These metrics are written out once per database and are written in the form of databases.*. In JMX, these metrics are collected in a separate folder. For reference purposes, metrics in this table will use YourDb as the database name.

Metric Name	Type	Unit	Description
`databases.YourDb.state`	String	N/A	A String describing the current state of the database. Can be one of Online, GoingOffline, Offline, ComingOnline, Disabled
`databases.YourDb.size`	long	count	An estimate of the number of quads contained in the database. This number may be inaccurate in mastiff, due to transactional considerations, and should be treated only as an estimate
`databases.YourDb.openConnections`	long	count	The current number of open connections to this database
`databases.YourDb.txns.openTransactions`	long	count	The current number of open transactions on this database
`databases.YourDb.txns.latency.count`	long	count	The number of transactions that were recorded
`databases.YourDb.txns.latency.duration_units`	String	N/A	The units that duration is measured in (usually seconds)
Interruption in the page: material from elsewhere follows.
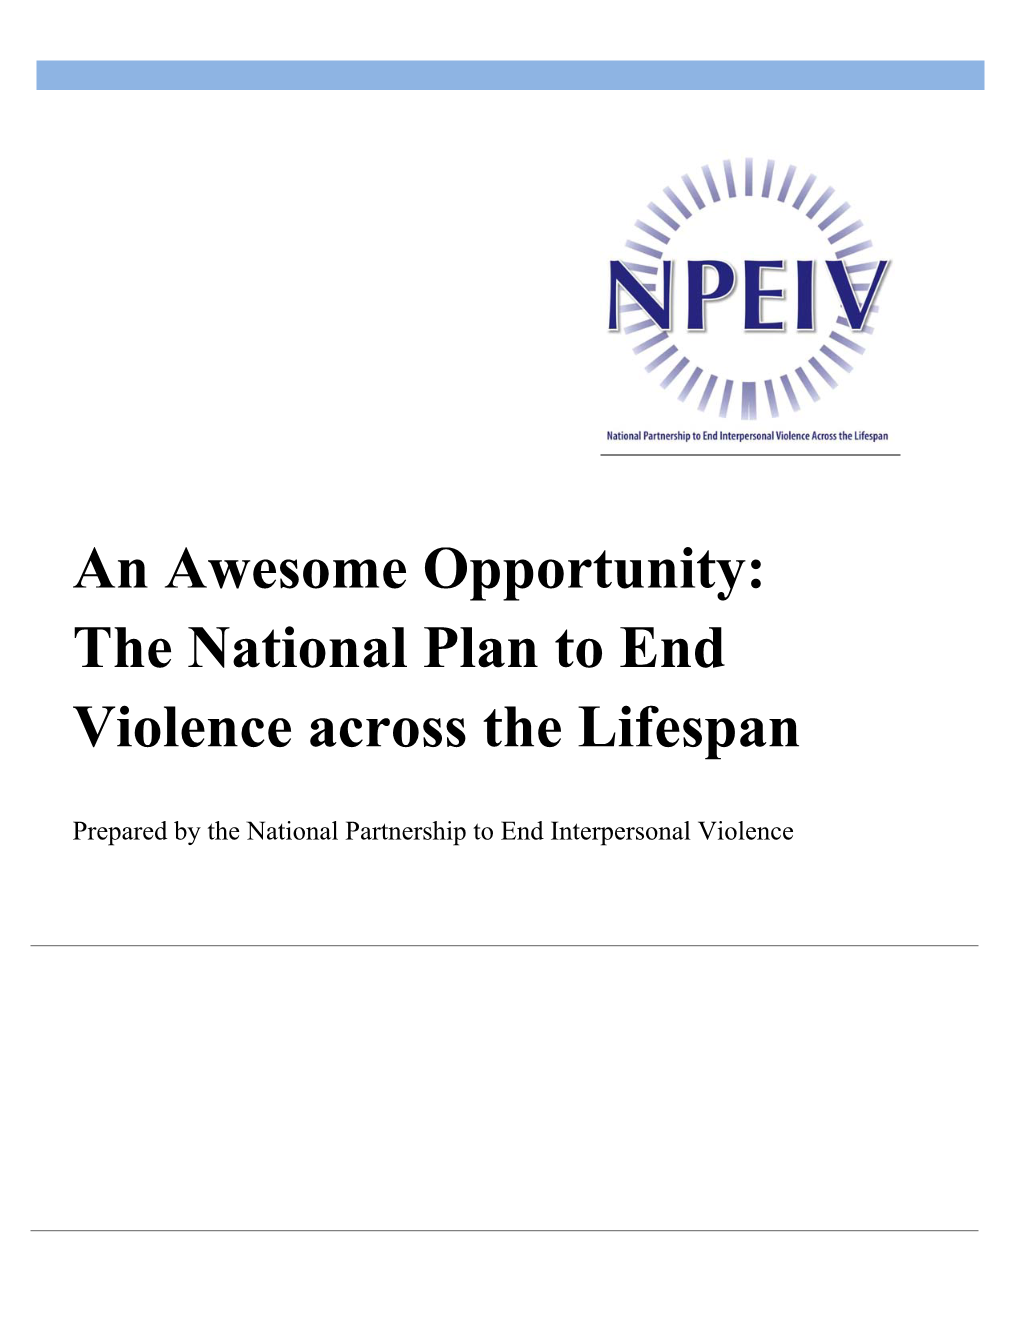 The National Plan to End Violence Across the Lifespan

`databases.YourDb.txns.latency.max`	double	time	The highest latency transaction measured since the database was created or the process started
`databases.YourDb.txns.latency.mean`	double	time	The overall average latency of a transaction since the database was created or the process started
`databases.YourDb.txns.latency.stddev`	double	time	The standard deviation latency of a transaction since the database was created or the process started
`databases.YourDb.txns.latency.min`	double	time	The slowest transaction speed measured since the database was created or the process started
`databases.YourDb.txns.latency.p50`	double	time	The 50th percentile transaction latency (50% of all transactions have lower latency than this)
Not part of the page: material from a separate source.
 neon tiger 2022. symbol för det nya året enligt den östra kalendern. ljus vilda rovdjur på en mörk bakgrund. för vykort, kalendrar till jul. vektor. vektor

`databases.YourDb.txns.latency.p75`	double	time	The 75th percentile transaction latency (75% of all transactions have lower latency than this)
`databases.YourDb.txns.latency.p95`	double	time	The 95th percentile transaction latency (95% of all transactions have lower latency than this)
`databases.YourDb.txns.latency.p98`	double	time	The 98th percentile transaction latency (98% of all transactions have lower latency than this)
`databases.YourDb.txns.latency.p99`	double	time	The 99th percentile transaction latency (99% of all transactions have lower latency than this)
`databases.YourDb.txns.latency.p999`	double	time	The 99.9th percentile transaction latency (99.9% of all transactions have lower latency than this )
`databases.YourDb.txns.latency.mean_rate`	double	Rate	The overall average throughput of transactions since the database was created or the process started
`databases.YourDb.txns.latency.m15_rate`	double	Rate	The 15-minute exponentially-weighted moving average throughput of transactions per unit time
`databases.YourDb.txns.latency.m1_rate`	double	Rate	The 1-minute exponentially-weighted moving average throughput of transactions per unit time
`databases.YourDb.txns.latency.m5_rate`	double	Rate	The 5-minute exponentially-weighted moving average throughput of transactions per unit time
`databases.YourDb.txns.latency.rate_units`	String	N/A	The configured units to use when measuring transaction throughput (usually in calls/unit time, where calls = ‘transactions’)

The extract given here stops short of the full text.